Exercise directions | Repeat the data verbatim, images excluded.

Collected material |
========

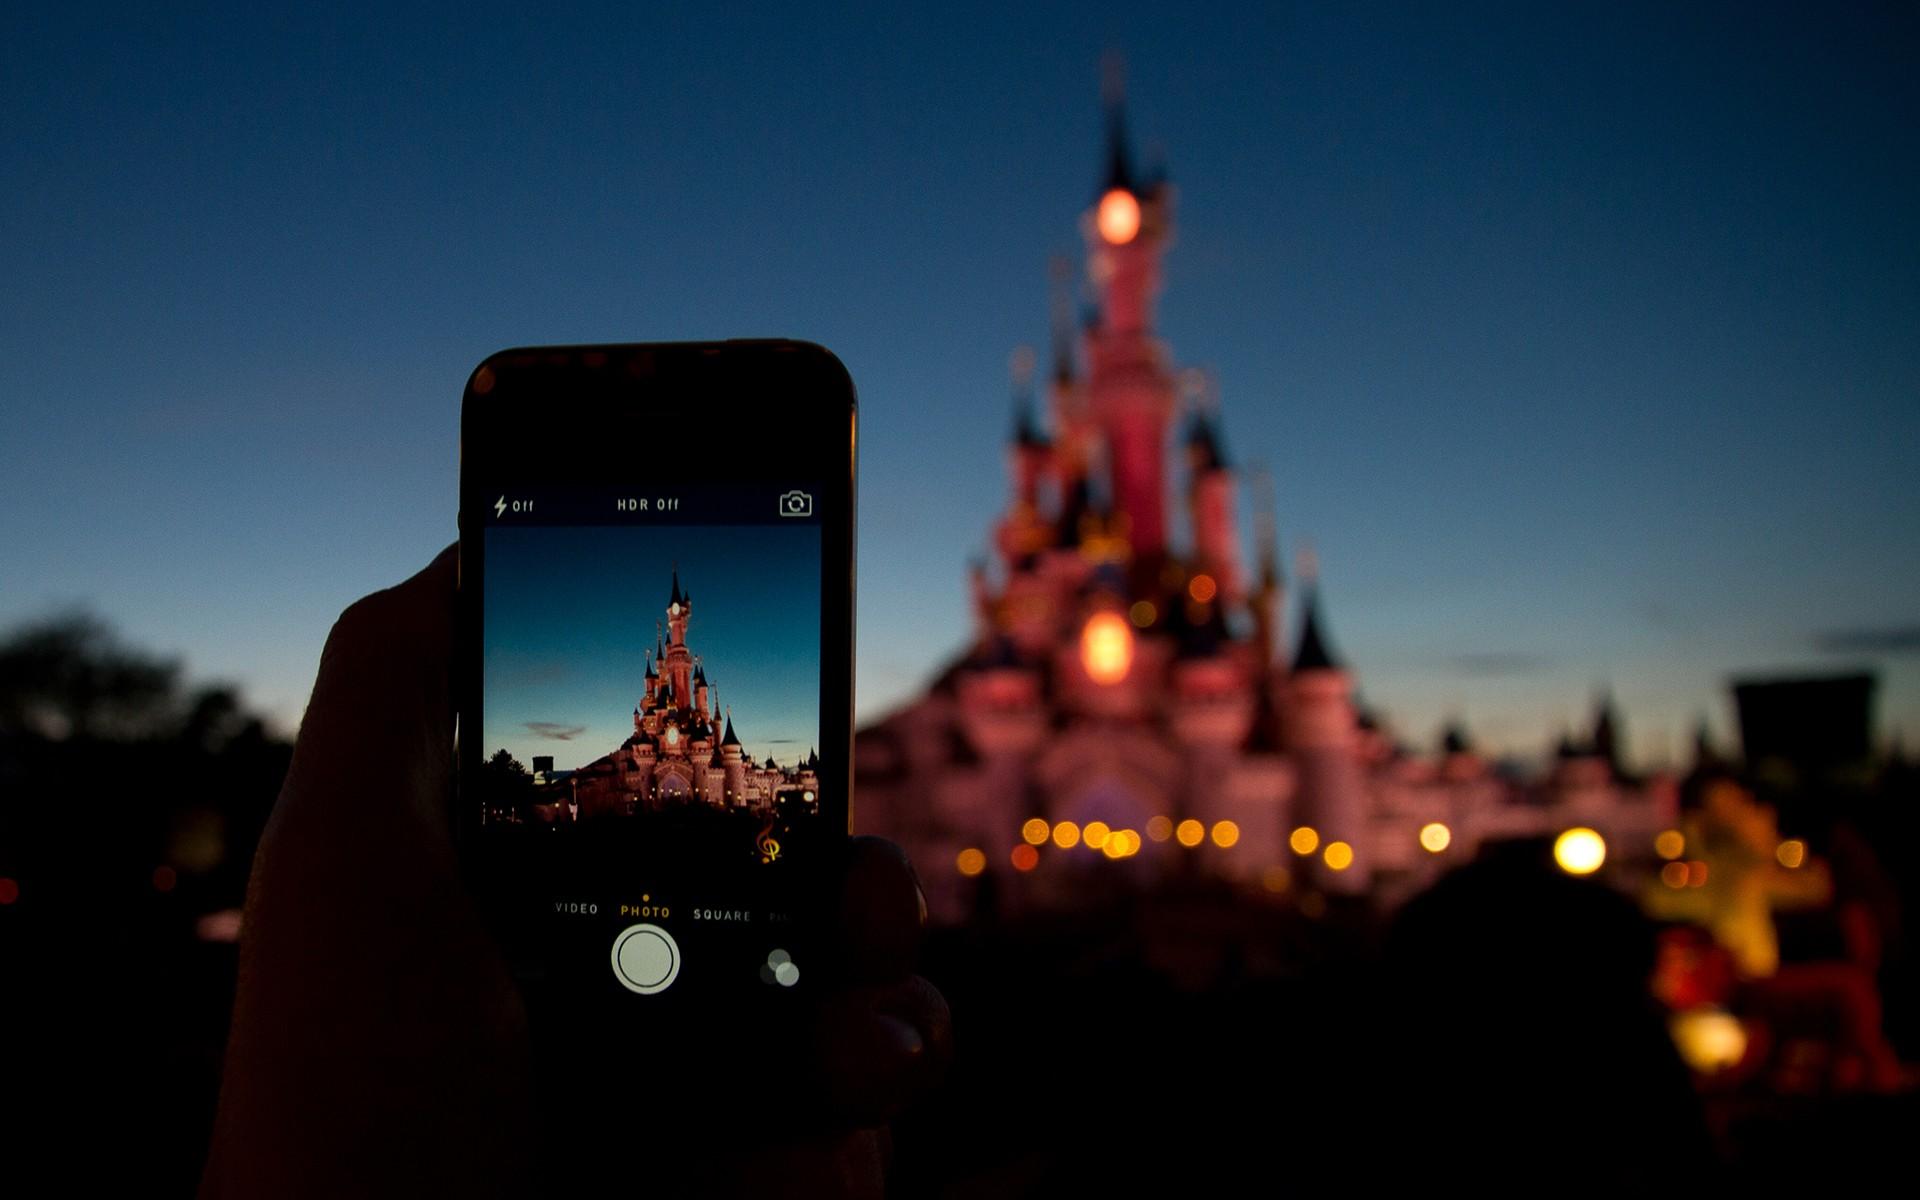 General 1920x1200 Disney castle phone cellphone bokeh
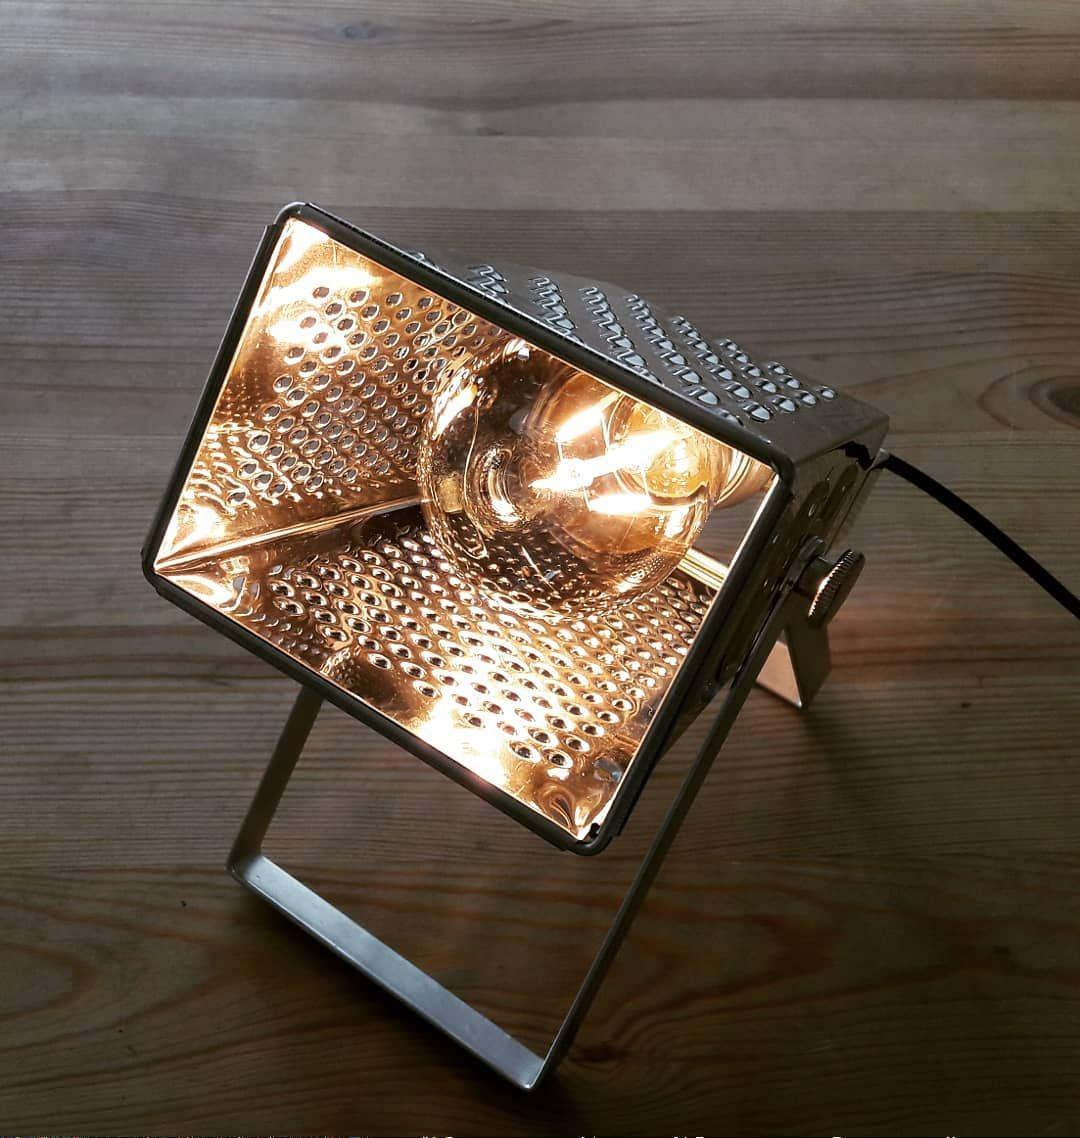 #upcycling #grater #kitchen #lamp #diy #light #industrial #küchenreibe #tischlampen #kücheninspiration #upcycle
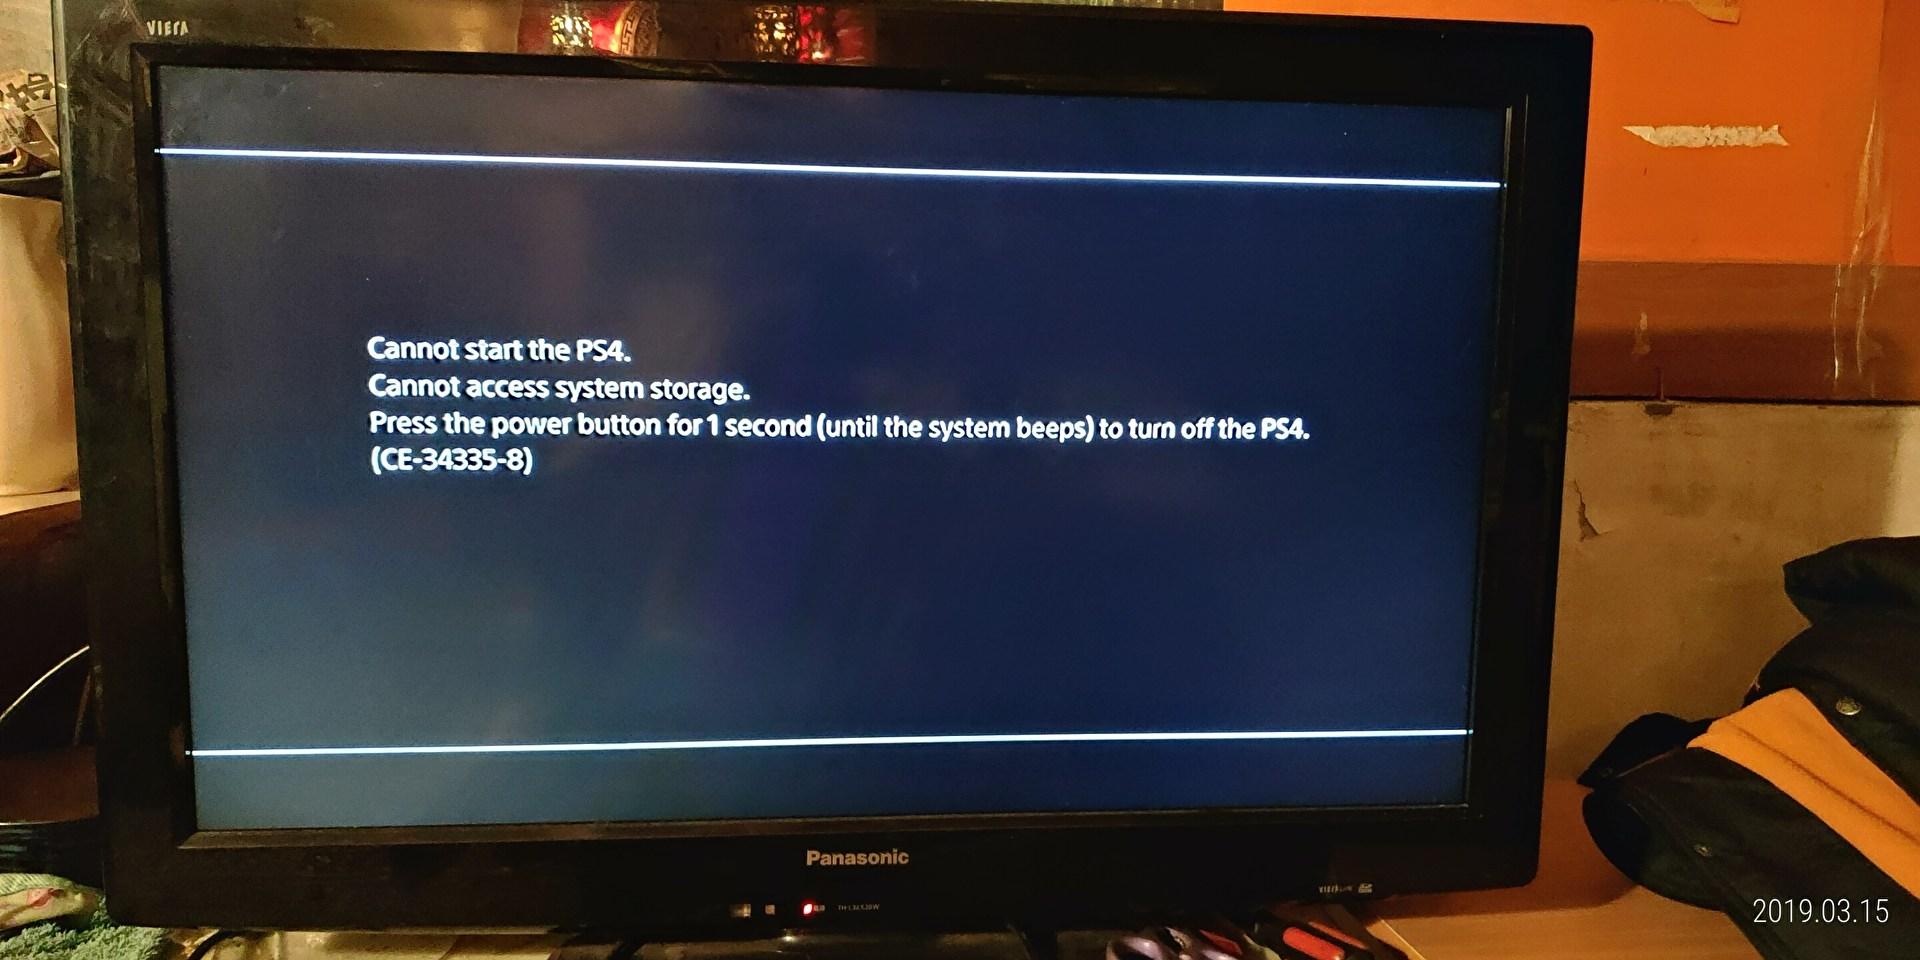 【問題】CE-34335-8 求解 @PS4 / PlayStation4 哈啦板 - 巴哈姆特

========

Expected answer |
 General 1920x1200 Disney castle phone cellphone bokeh
 #upcycling #grater #kitchen #lamp #diy #light #industrial #küchenreibe #tischlampen #kücheninspiration #upcycle
 【問題】CE-34335-8 求解 @PS4 / PlayStation4 哈啦板 - 巴哈姆特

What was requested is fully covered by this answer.